I have a misunderstanding with one question. This phrase was said in the present moment, not about the past. That's why I'm confused.

"It's time we had a talk" I suppose there is the Present Perfect tense. (like "It has time we had to talk") but for me, if it's said in present it should be like "It is time have a talk"

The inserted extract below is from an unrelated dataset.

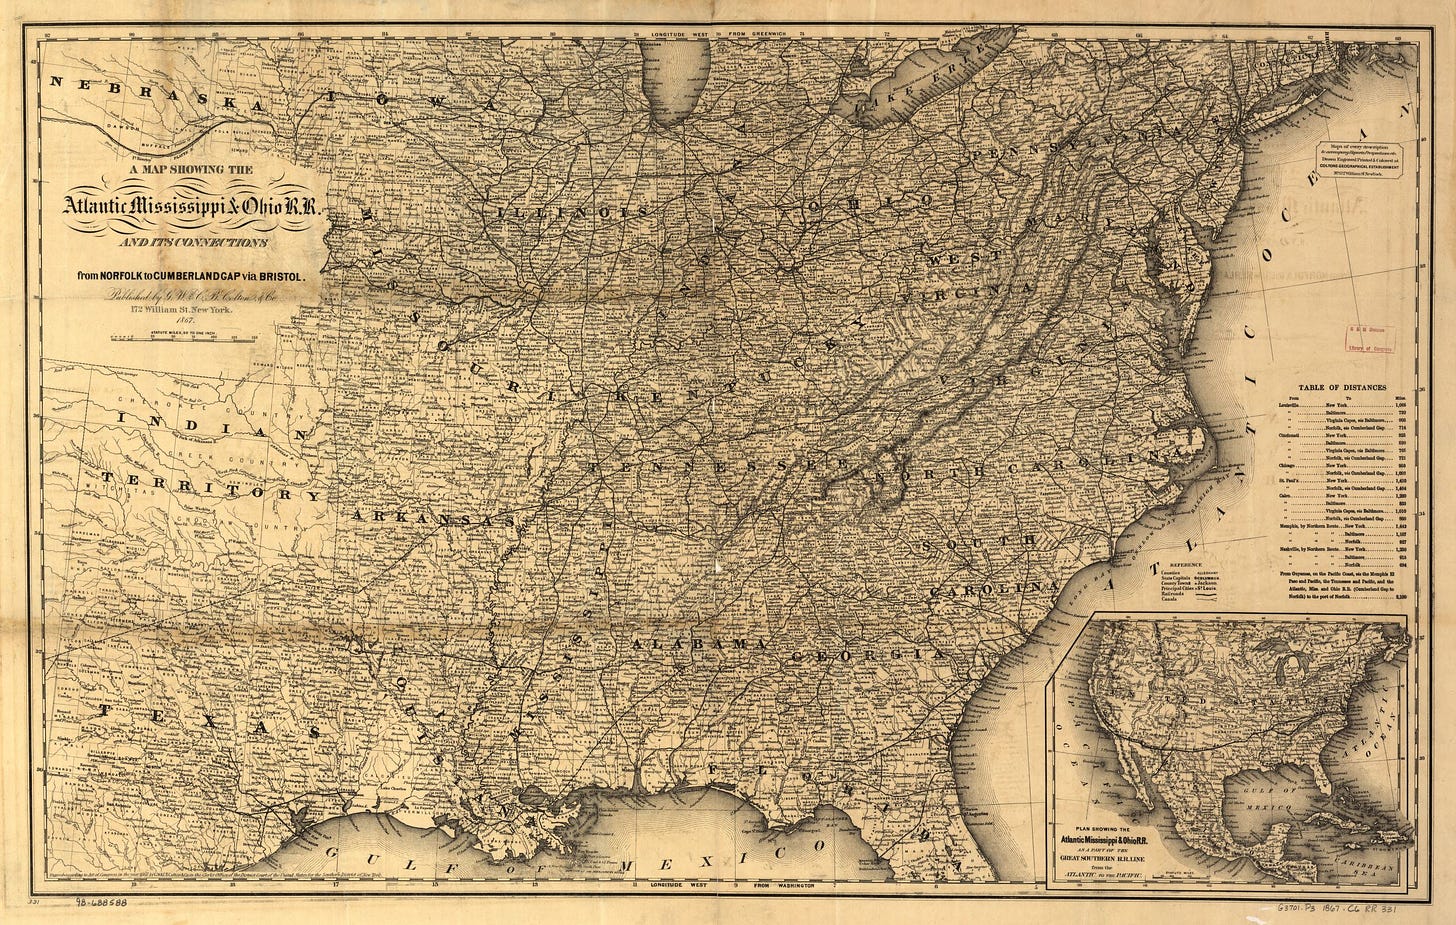 Atlantic, Mississippi and Ohio Railroad - Wikipedia

Can someone explain that to me, please?

  • 2
    Interesting. It feels as if it must be a subjunctive. So I might similarly say: “It’s time we were introduced.”. My guess is that it is a subjunctive of purpose. But I shall have to ‘hit the books’ as they say. Incidentally, have you tried any research to find the answer?
    – Tuffy
    Commented Oct 23, 2018 at 8:38
  • Here is a similar question from English Language Learners Stack Exchange [ell.stackexchange.com/questions/49147/…
    – Stuart F
    Commented Oct 23, 2018 at 16:04
  • Related.
    – tchrist
    Commented Feb 16, 2023 at 0:06

3 Answers 3


This is an example of a past subjunctive being used to express unreality. At first look it doesn't seem like there's anything "unreal" in the sentence, but consider the difference between the following (from here):

It's time to go to bed

It's time you went to bed

The first expresses that bed time is right now, while the second implies that bedtime should already have happened. Because the sentence is not a simple statement of fact ("this is the time for us to talk") but a statement of obligation ("we should talk/should have talked by now"), the subjunctive is used. It's not necessary to phrase it this way - "It's time to have a talk" is equally grammatical - but the subjunctive construction conveys that extra implication.


had, an auxillary verb with 4 senses: the sense here is to undergo vocabulary.com sense #2

As in:

"It's time we (undergo/experience) a talk"


It's is short for either "it is" or "it has" and has been used for about 400 years. In your case it means "it is". However you have typed it without the apostrophe and with a space which is incorrect.

If you follow the link above to the Merriam Webster page "The tangled history of its and it's" you will be able to read a very good explanation of both "it's" (which is an abbreviation of "it is" or "it has") and "its" (which is the neuter possesive pronoun equivalent to "his", "hers" and "theirs". It also describes the differences between them.

  • 5
    The questioner is puzzled by the tense of ‘had’, not by “it’s’.
    – Tuffy
    Commented Oct 23, 2018 at 8:32
  • it is past time for a talk, so let us do so.
    – lbf
    Commented Oct 23, 2018 at 13:45
  • This is correct, but ought to be a comment as it polishes the question yet doesn't answer it.